PROBLEM DESCRIPTION »
Extract the whole listing as it stands. Do not include the pictures.

INFORMATION SHOWN »
==*==
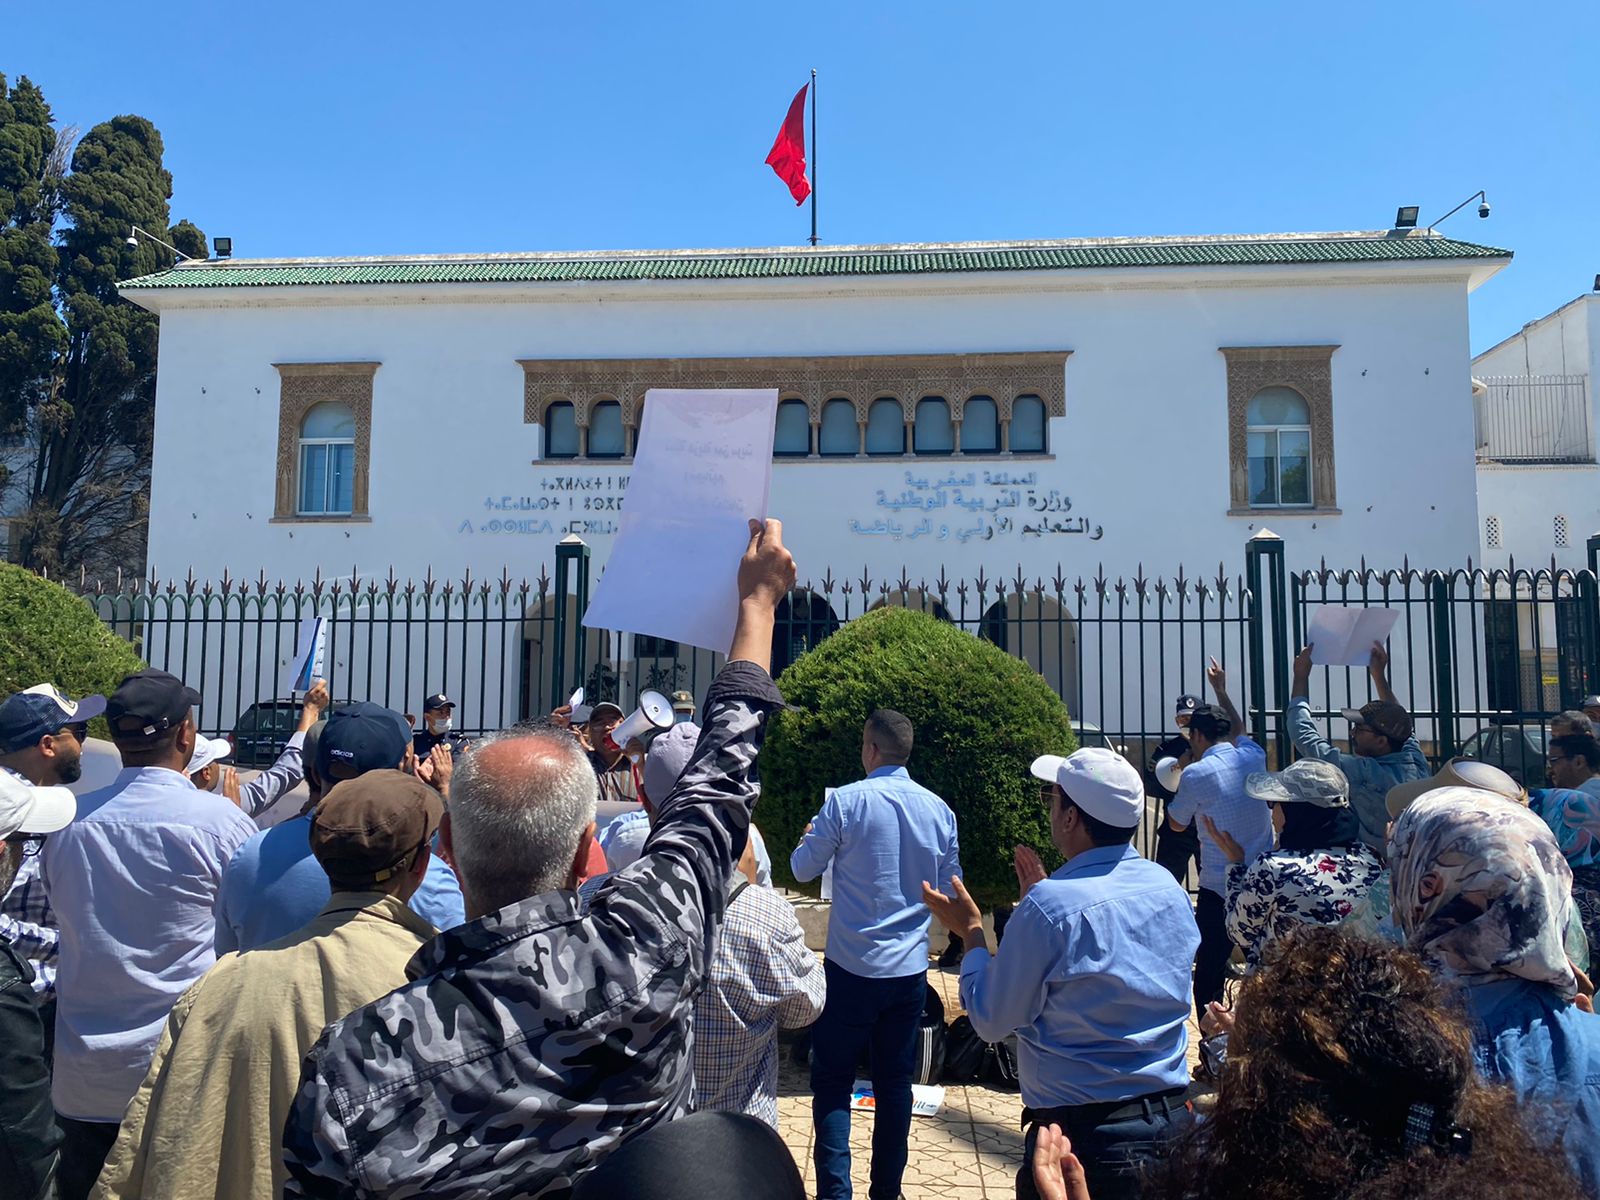 تجميد الترقيات يدفع أساتذة للاحتجاج والاعتصام أمام وزارة التربية الوطنية بالرباط
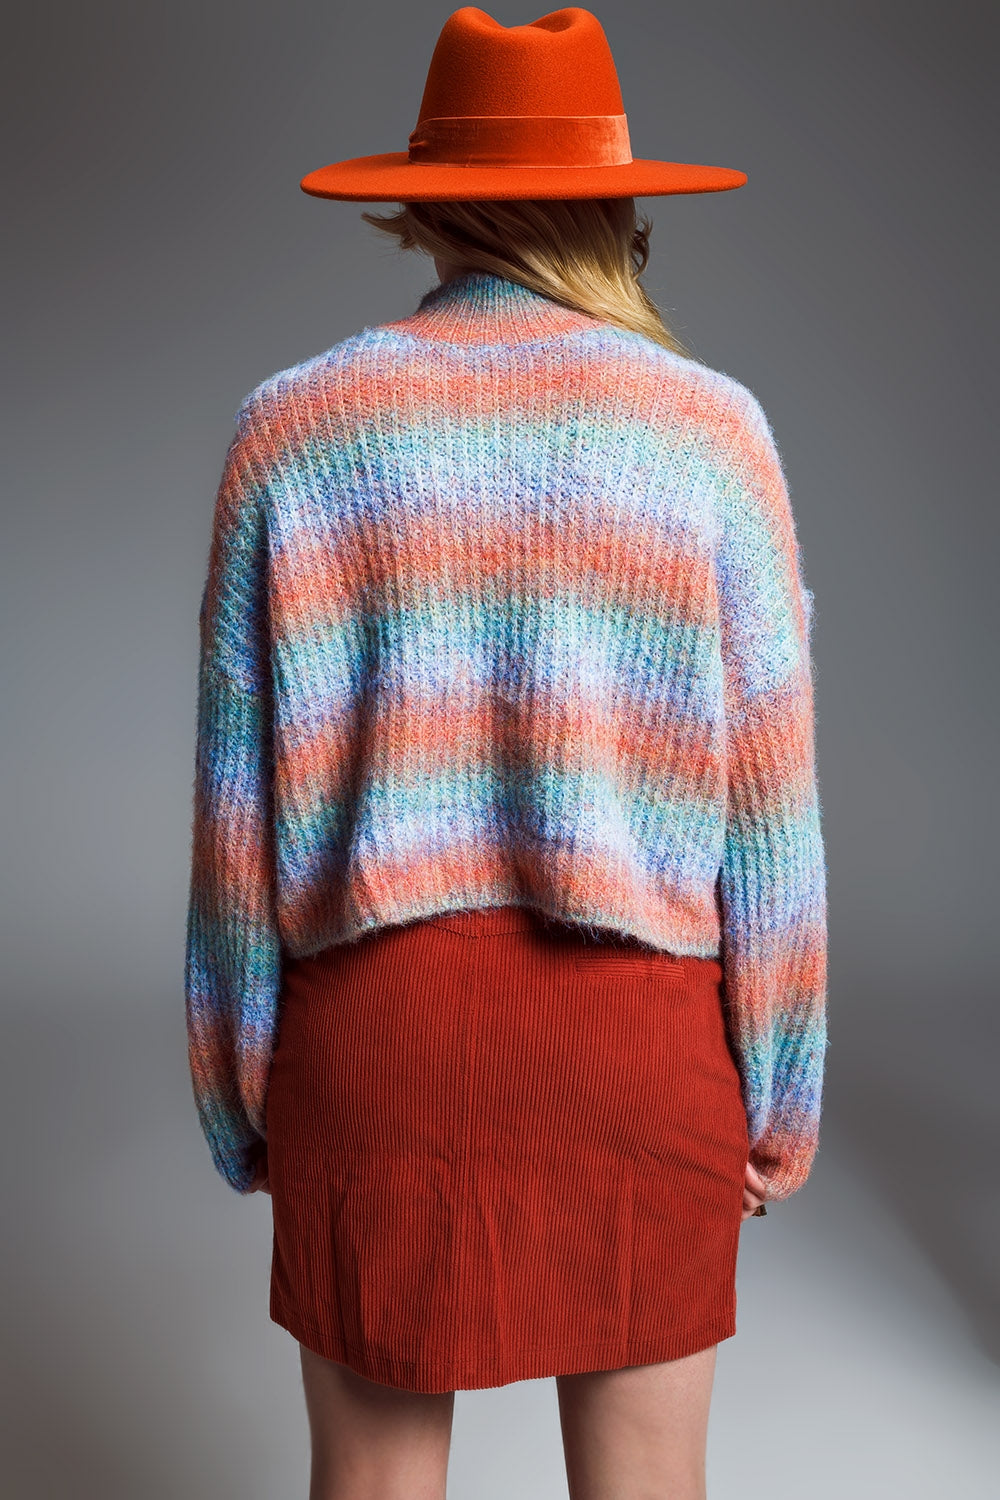 Maglione con collo alto in strisce ombreggiate in colori pastello
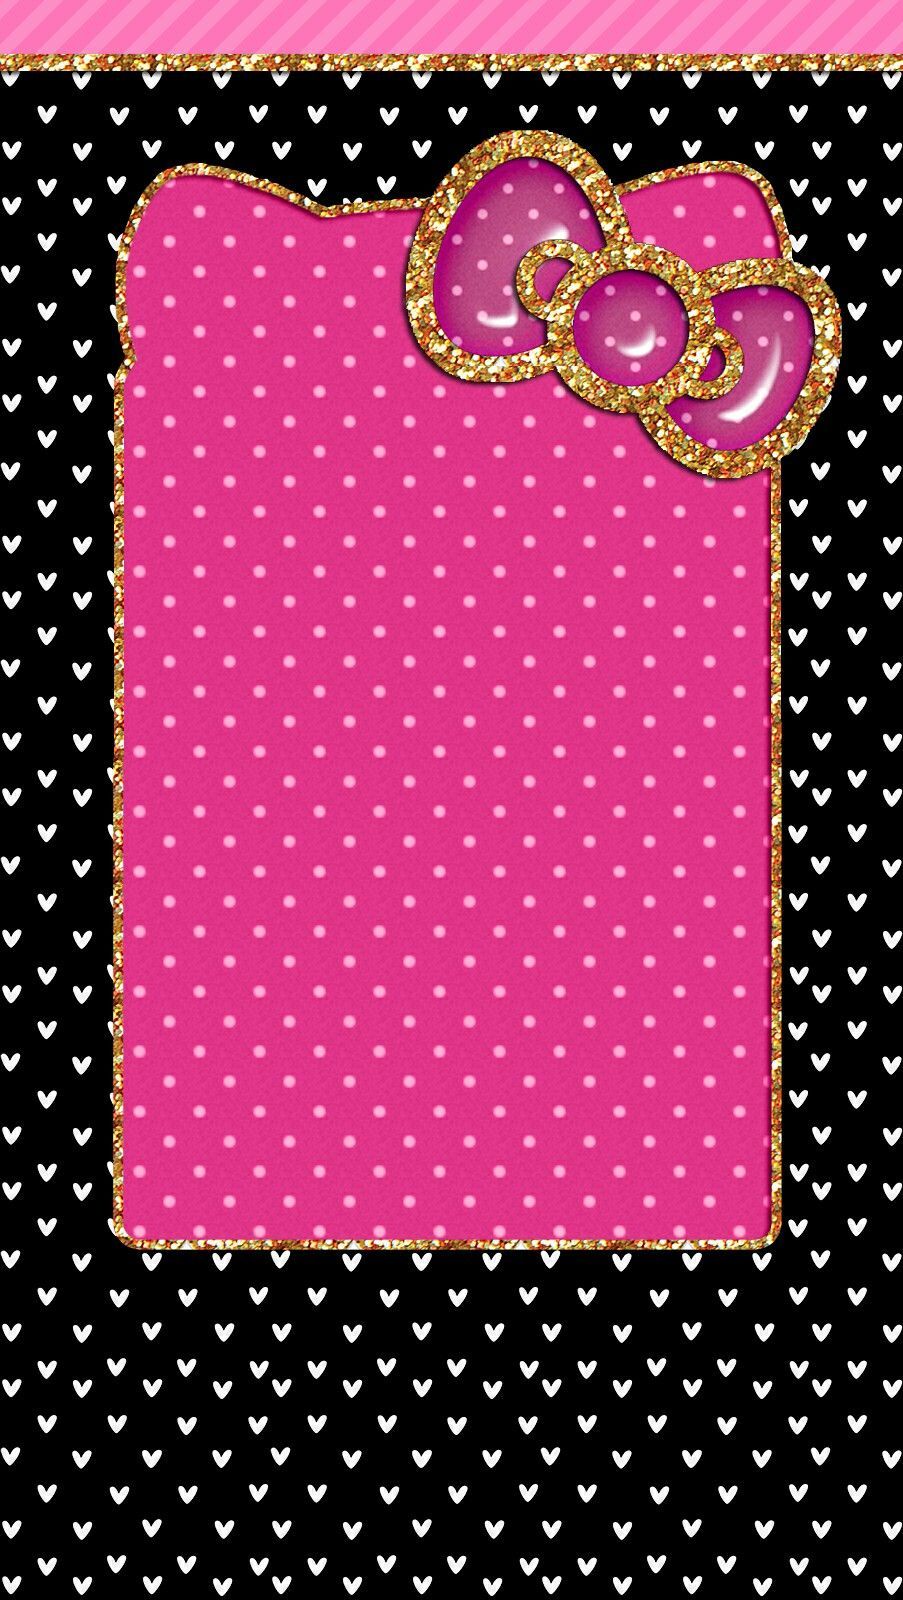 Cute Luis Vuitton and hello Kitty cute wallpapers for iPhone pink  Hello  kitty iphone wallpaper, Pink wallpaper hello kitty, Hello kitty wallpaper
==*==
EXERCISE SOLUTION »
 تجميد الترقيات يدفع أساتذة للاحتجاج والاعتصام أمام وزارة التربية الوطنية بالرباط
 Maglione con collo alto in strisce ombreggiate in colori pastello
 Cute Luis Vuitton and hello Kitty cute wallpapers for iPhone pink  Hello  kitty iphone wallpaper, Pink wallpaper hello kitty, Hello kitty wallpaper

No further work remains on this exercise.